What is going on in the workflows?
- The workflows are large and have many steps.
- To better understand the workflow, look at the workflow canvas, view each tool and its settings, see how each step is connected.
- Consider what outputs you would require and make sure it is clear where they are and what they are called.
- For a description of many of the tools and the default parameters that have been set, see the Galaxy tutorial for VGP workflows.
Run the workflows on test data
- Look at the outputs and see if it makes sense and all tools ran.
Import real data
- If you will be using real vertebrate genome data, it is likely you will need more Galaxy storage. Contact the Galaxy Australia team to discuss/request.
- Import your real data sets into Galaxy.
- Or, to use real VGP data, go to Upload Data: Choose remote files: Genome Ark: species and choose a species.
- Note: not all species have data from all Hifi and HiC sources.
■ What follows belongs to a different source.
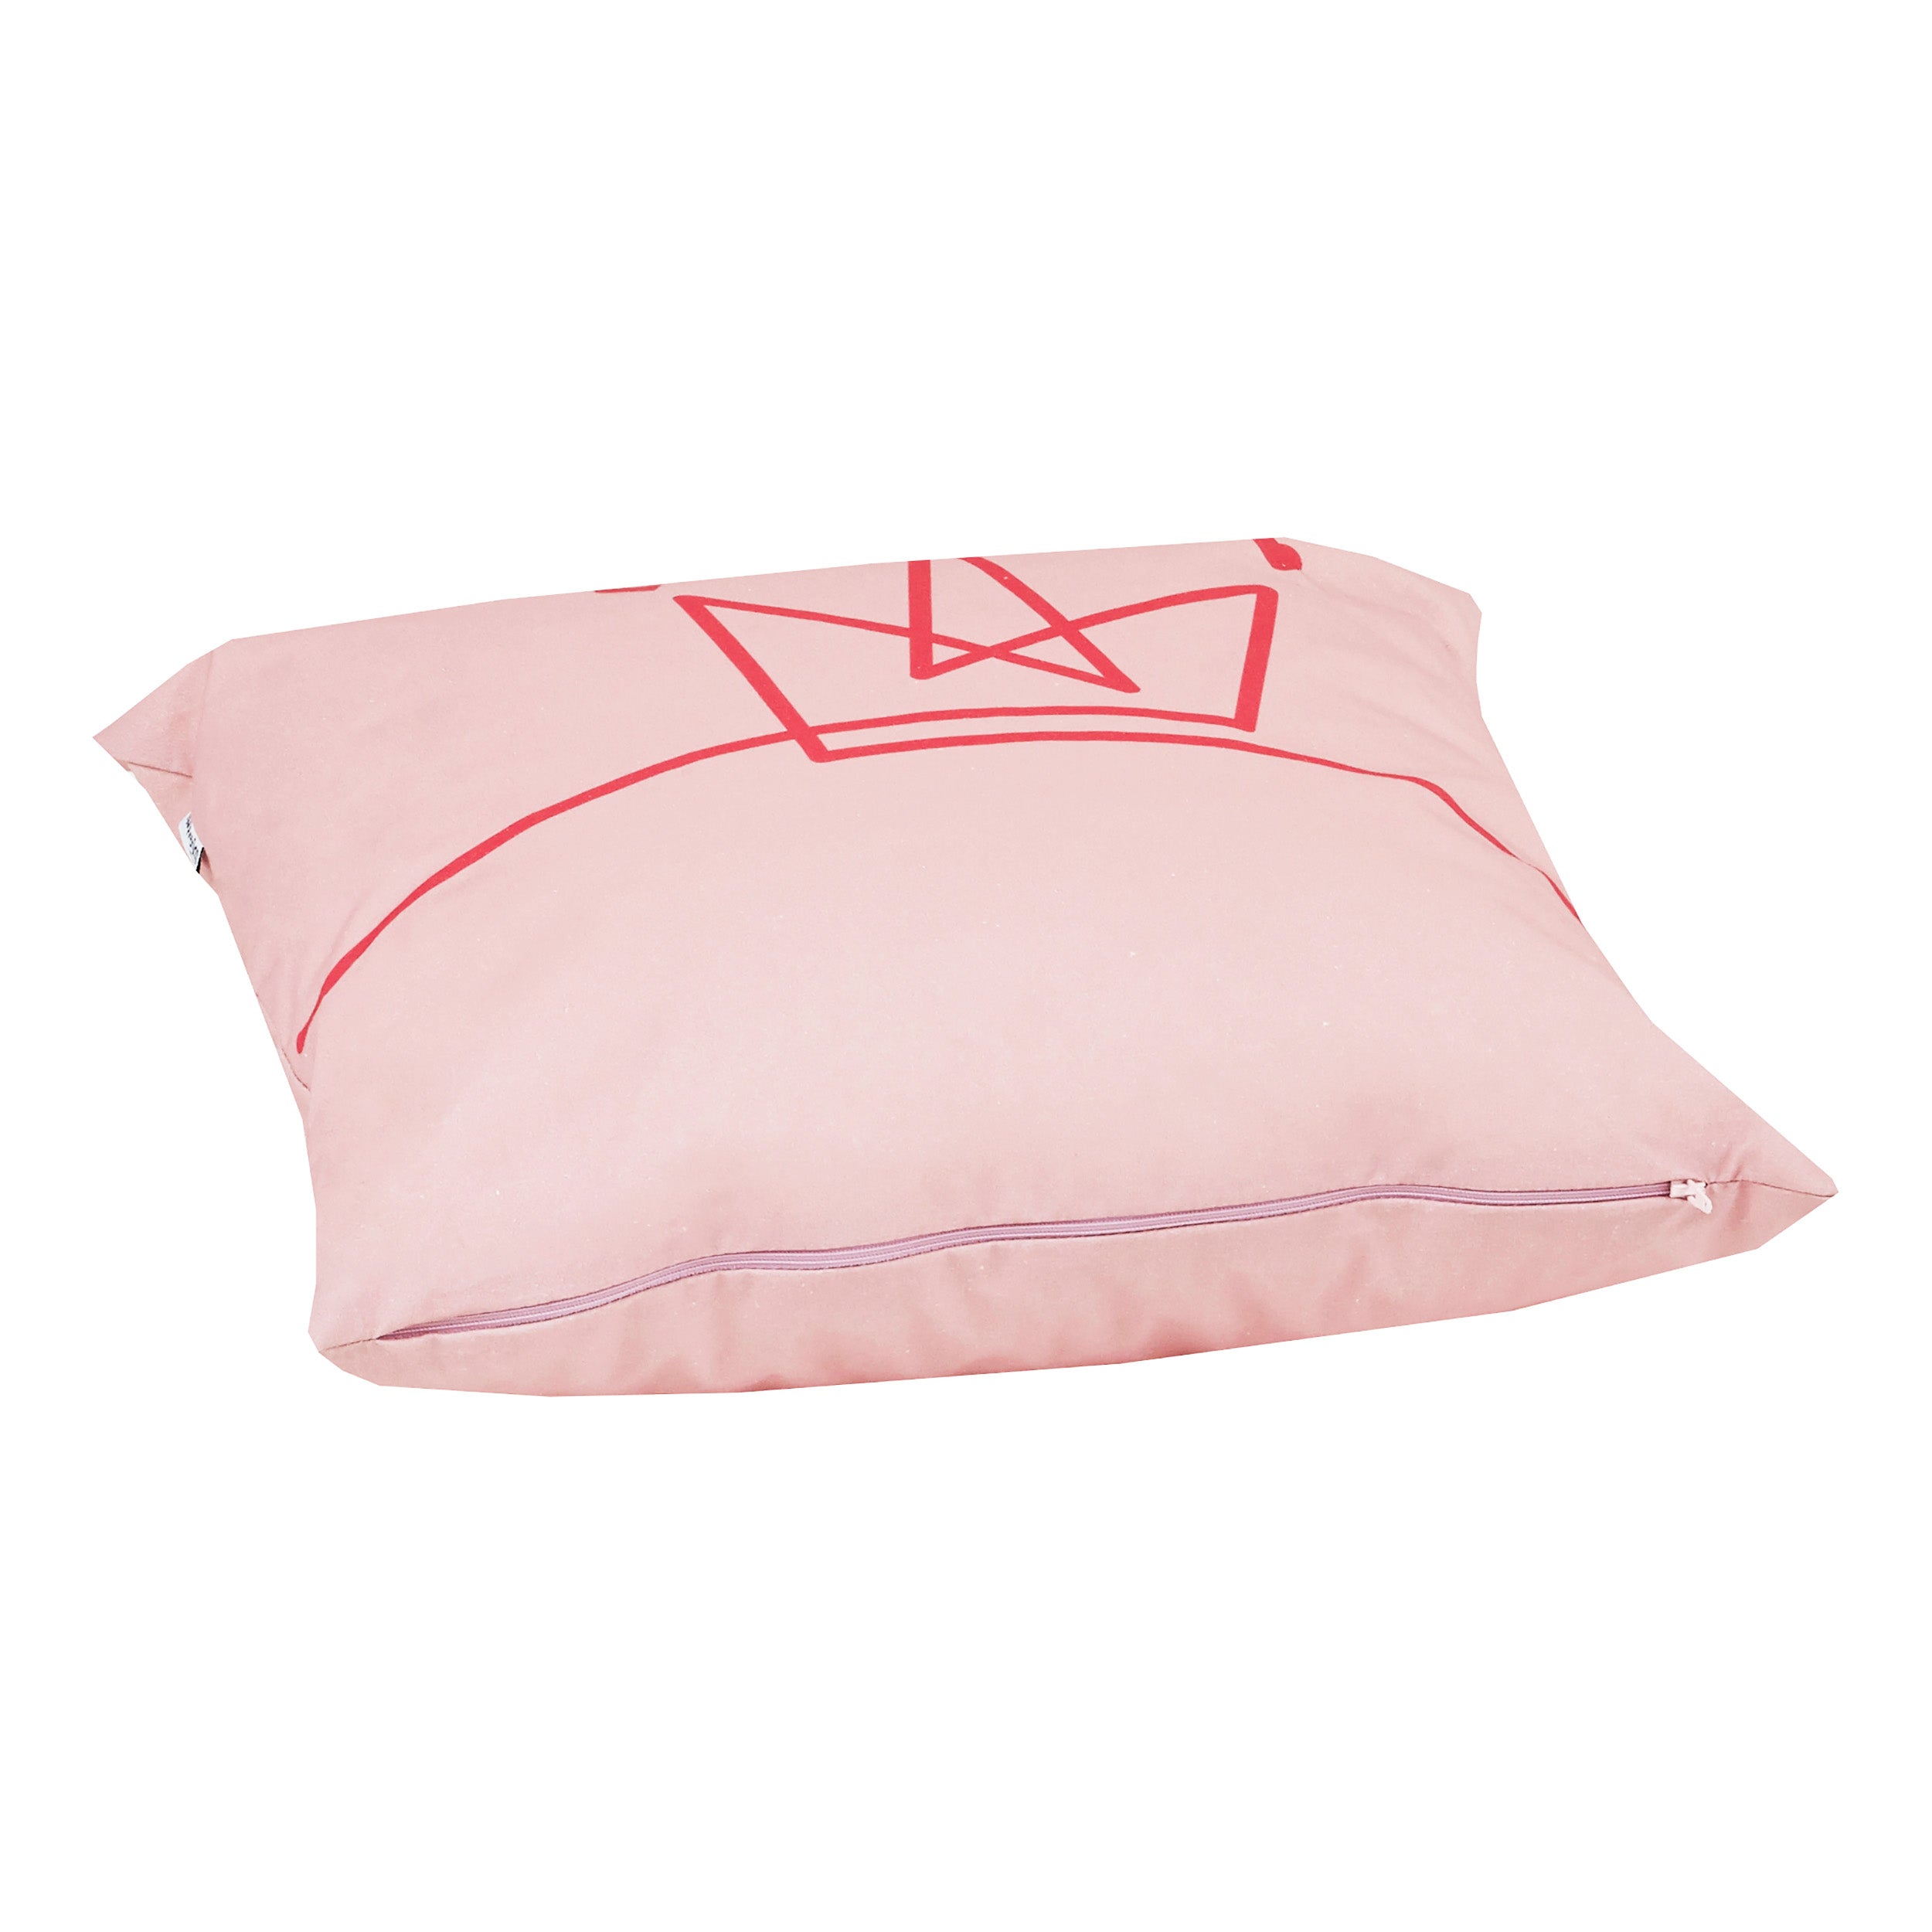 Hoppekids Princess Pillow
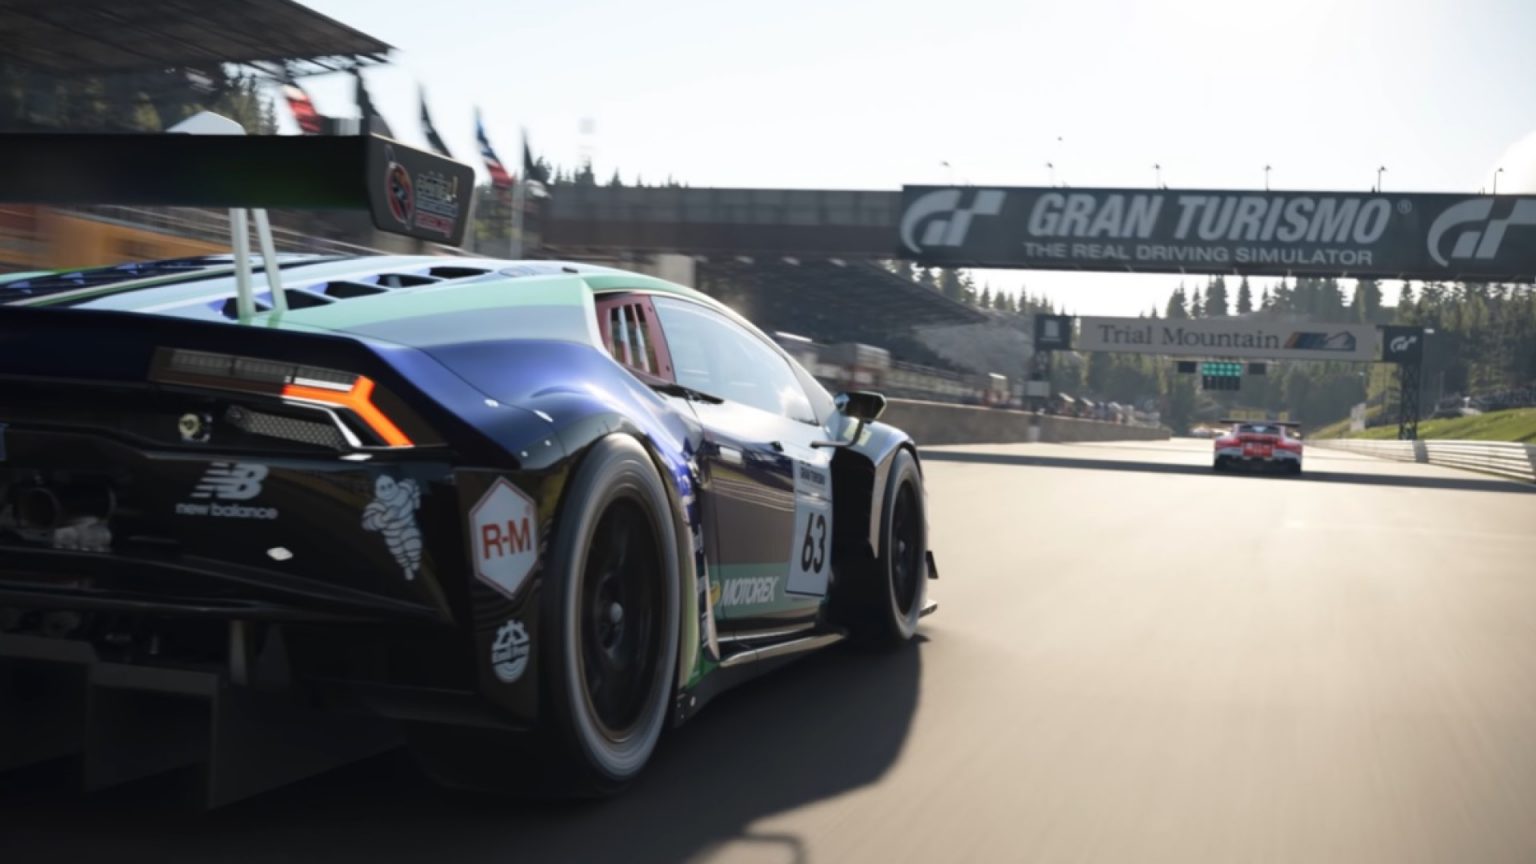 I början av augusti kommer Gran Turismo 7 att få fyra nya bilar, - säger producenten av serien

- Note that you will likely have to convert the data into the correct formats required. Alternatively, modify the workflows themselves to accept the data in the formats you have.
Is there anything I need to change in the workflows?
- Most likely, yes. Look at every tool and the parameters to check it suits your data and aims.
- Examples of things that might need changing:
- Set the kmer size in the meryl tool, and make sure the setting in the Genomescope tool matches this. There is no absolute answer for what this setting should be; a common setting is 21.
- In the Quast tool (used several times), set the lineage appropriately (e.g. eukaryote) and set as "large genome"
- In the Busco tool (used several times), set the lineage appropriately (e.g. Vertebrata)
Do I need to keep all of the output files from the workflow?
- No. In particular, some of the intermediate output files are very large, e.g., BAM files. You may wish to not keep these.
- To automatically not keep these files during the workflow run: go to the workflow canvas, see the box for a tool, see the output files, and untick any files you will not need.
Run the workflows on real data
- Modify workflows as needed: label or tag outputs, change tool parameters, swap tools, add or delete steps.
- For large data we would recommend testing tools and workflows on a subset of the data first.
Where to see the outputs
- Your Galaxy history holds the outputs from the workflow run.
- Some files may be hidden - click on "show hidden" to see.
- In the top Galaxy menu, go to User: Workflow invocations to see details of the workflow run.
What to do if a tool or workflow fails?
- Read the error message to see if you can troubleshoot the issue. Otherwise, contact help@genome.edu.au
- If you are able to, re-run the tool or workflow in case it was a temporary connection issue.